As I'm sure you know, nearly all software applications provide regular, easy-to-implement updates that fix bugs and patch security issues. So why then is it still the case that one of the primary reasons for software security breaches is an out-of-date application? (Read: The Three Most Important Things About Security - Update, Update, Update) Most software updates are quite easy to do, so why are they often discounted, overlooked or forgotten? Open-source Software If you have a Web site that uses a content management system (CMS) such as Drupal or WordPress, the software is built on a foundational set of code called the core. And, if there are features that the core does not have, functionality can be added with additional code called modules or plug-ins. In fact, the way these applications are built, it is extremely common for a Web site to have at least a dozen or so modules / plug-ins, and some have many more. Both Drupal and WordPress make updating the core very easy, and both applications can be set to alert you when an update is available.

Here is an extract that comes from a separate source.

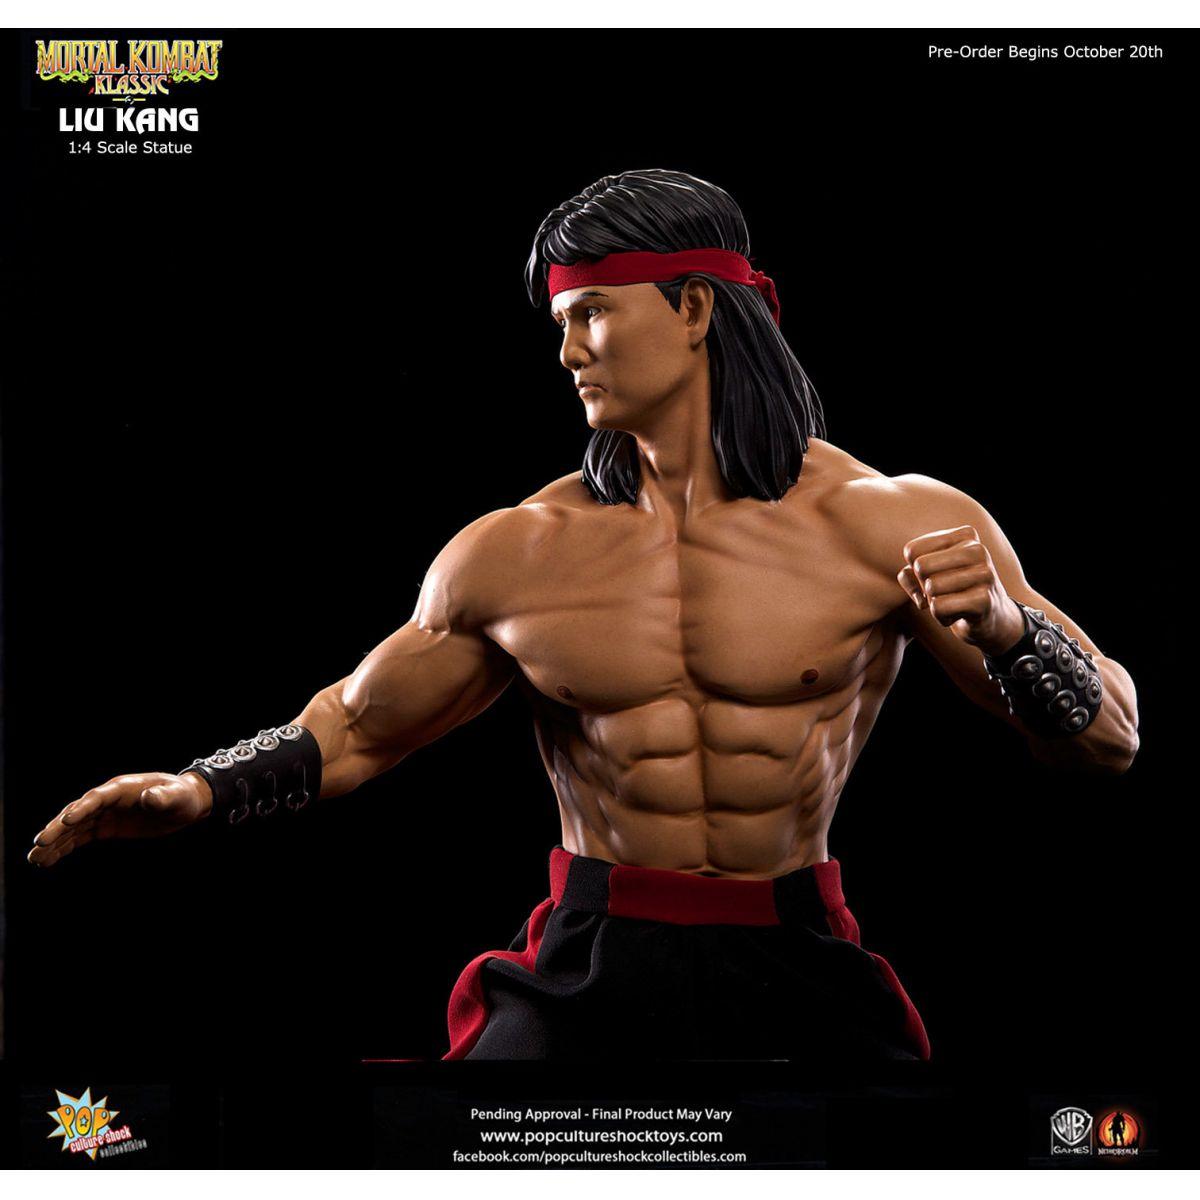 Estátua Liu Kang: Mortal Kombat (Escala 1/4) - Pop Culture Shock - Black Friday (Apenas Venda Online)

The same is often true for modules and plug-ins, even if notifications are not as common, and updates are not always as easy. Now, unlike applications such as operating systems, neither Drupal nor WordPress will automatically update the software for you - you need to choose to update the software. And this is a good thing. Why? Because software updates can break your site. I suspect that this is one of the root causes of update neglect - because it takes time and diligence. Here are the basic steps we take when updating a software application for a client.
- Create a clone of the site's web server on a different server.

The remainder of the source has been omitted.